Джим завороженно смотрел на студенческую мусорную кучу.
– Никогда не видел столько коробок от пиццы в одном месте!
– Едят строго по часам, – объяснила Глэдис. – Как только Пит в своей спецназовской форме выходит поливать газон, студенты заказывают пиццу. От марихуаны аппетит знаете какой? А наши пиццерии конкурируют. «Пицца Трик-Трак» гарантирует доставку за полчаса, а «Пицца-Хат» высылает за триктраковцами своих и переманивает клиентов. Раздают бесплатные образцы, которые, мол, вкуснее. Так курьеры и носятся по всему району в четыре утра, в догонялки играют.

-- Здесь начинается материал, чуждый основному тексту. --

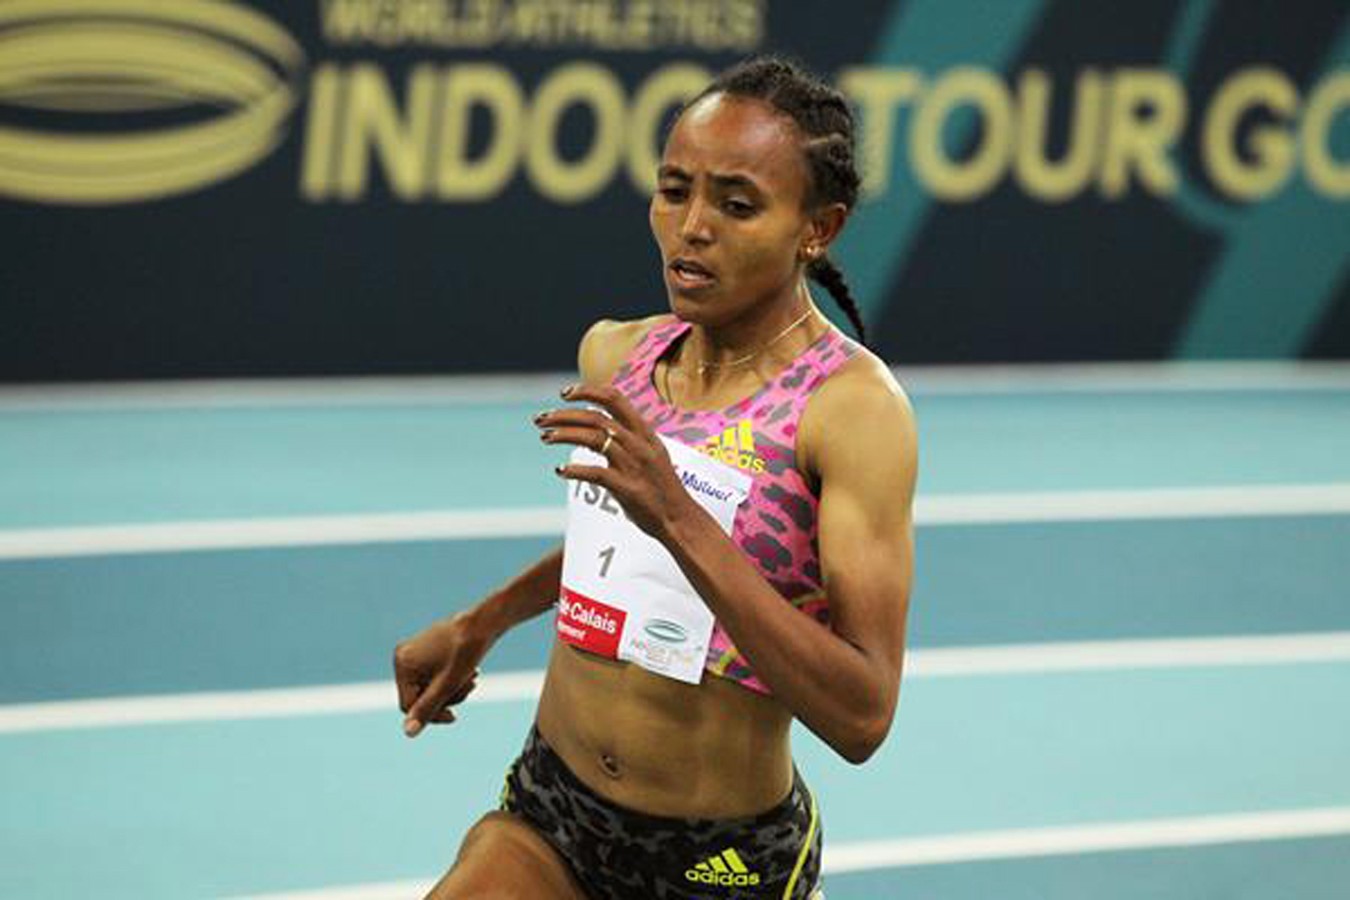 Gudaf Tsegay on her way to winning the 1500m at the World Athletics Indoor Tour Gold meeting in Lievin (© Jean-Pierre Durand)

Марта указала на дом между студентами и Старым Орте гой.
– А тут кто живет?
– Мистер Грюневальденглитц. Творческая личность, и тоже съемщик. Без сварочной маски во двор почти не выходит. Весь дом превратил в мастерскую. Натаскает металлолома со свалки и сваривает образчики современного искусства. Вон сколько их перед домом.
– Ах вот что это такое! – сказала Марта.
– Интересно, что символизирует та большая штука? – спросил Джим.
– Вы про корову из крыльев автомобиля и спиц от зонтиков?
– Нет, про каракатицу из радарной тарелки, гаечных ключей и водопроводных кранов.
– Это Божья Коровка. Жена президента Линдона Джонсона.
– А по-моему, просто каракатица! – заявила Марта.
– Мы все так думаем, – ответила Глэдис. – Даже в муниципалитет жаловались, но те сказали, что не станут подавлять право личности на самовыражение.
Перед номером 867 притормозил пикап, битком набитый разнообразными знаками и табличками. Вышел мужчина в джинсах и вколотил табличку «СДАЕТСЯ ВНАЕМ» между Божьей Коровкой и диорамой Геттисбурга на сетке от комаров.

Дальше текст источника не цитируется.